A Novel HPLC-MS/MS Method for the Intracellular Quantification of the Active Triphosphate Metabolite of Remdesivir: GS-443902.

Background: Remdesivir (RDV) is a broad-spectrum antiviral prodrug, which is rapidly metabolized in vivo within cells to the pharmacologically active triphosphate metabolite, GS-443902. On the other hand, the dephosphorylated metabolite GS-441524 is the main form detected in plasma. RDV acts against RNA viruses, and it was the first antiviral drug to receive EMA and FDA approval for treating COVID-19. Nevertheless, its intracellular pharmacokinetics in real life are poorly explored, particularly due to technical challenges.

Methods: The aim of this study was to validate an HPLC-MS/MS method for the direct quantification of GS-443902 in peripheral blood mononuclear cells (PBMCs) with a chromatographic separation of 15 min.

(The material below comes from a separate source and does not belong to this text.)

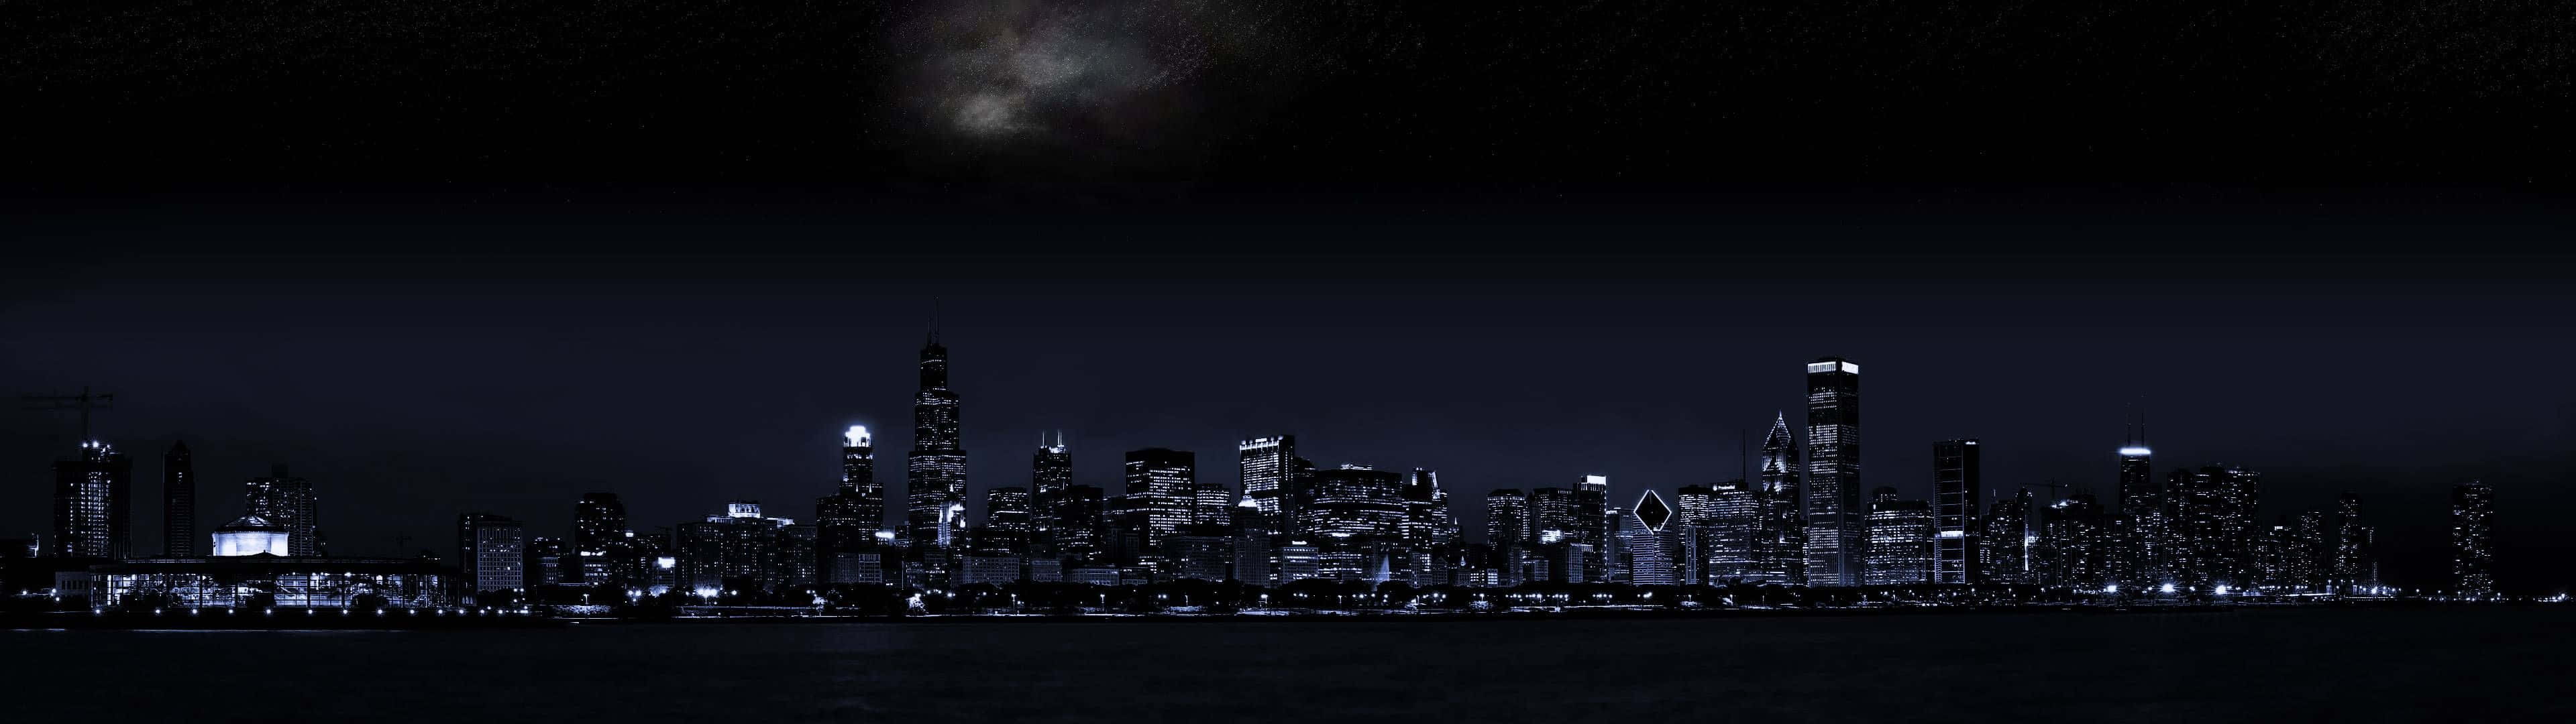 Free City At Night Wallpaper Downloads, [100+] City At Night Wallpapers for  FREE 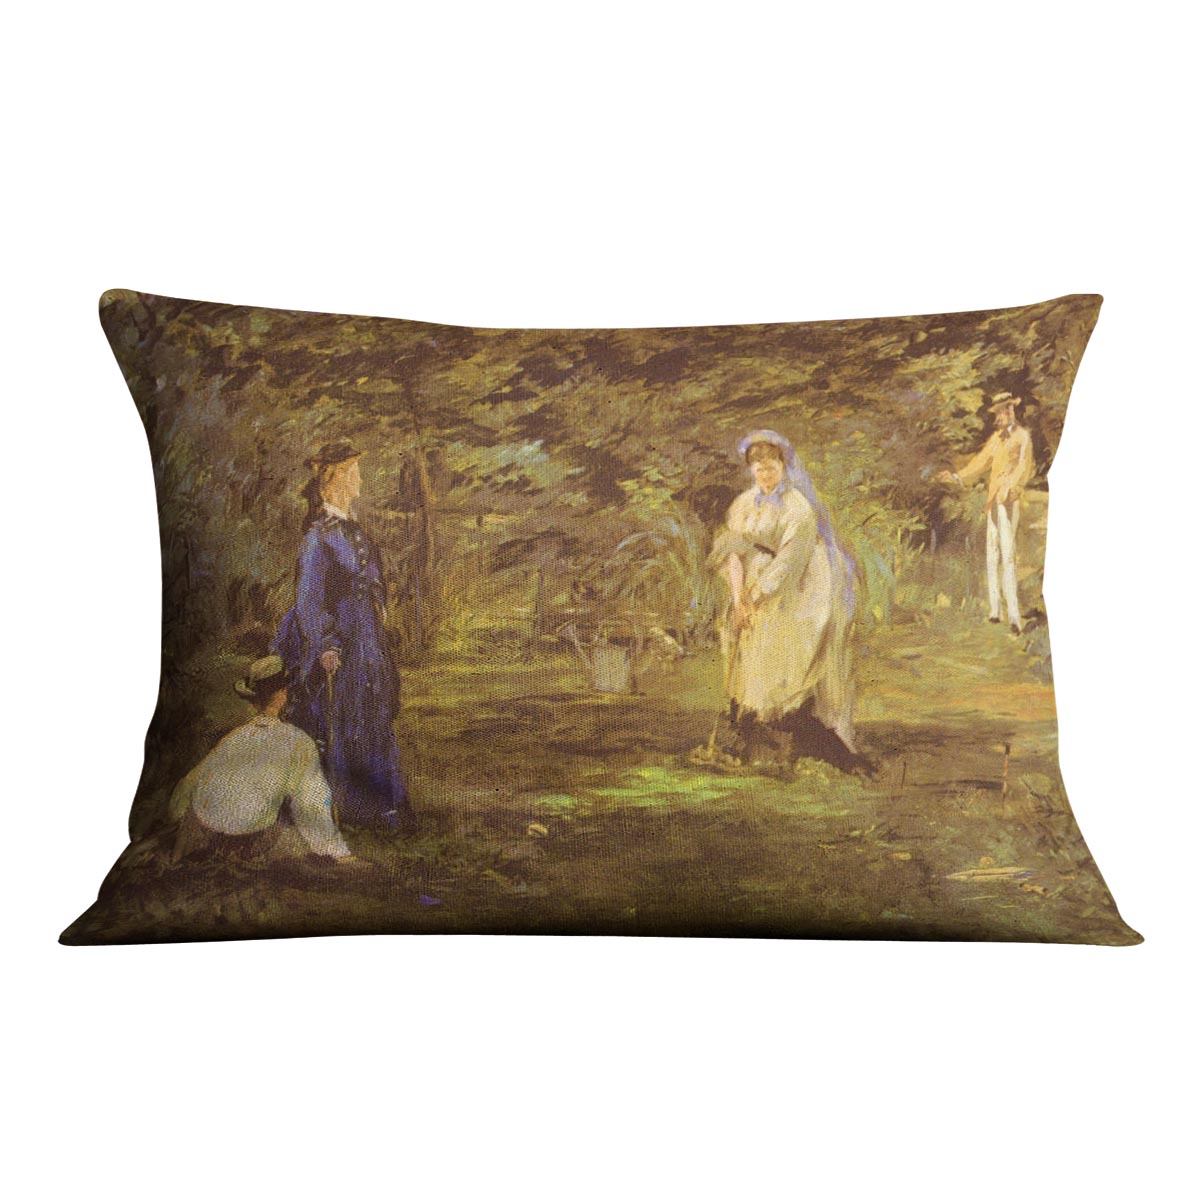 Croquet Party by Manet Cushion

Results: The method was validated following EMA and FDA guidelines in terms of sensitivity, specificity, accuracy, precision, matrix effect, recovery, carryover, and stability, and then applied to PBMC isolates from a small cohort of patients with severe COVID-19 who received RDV.

Conclusions: This work represents the first method for the direct quantification of GS-443902 in PBMCs, with possible future application to intracellular pharmacokinetic studies in different scenarios, such as new oral prodrugs or drug-drug interaction studies.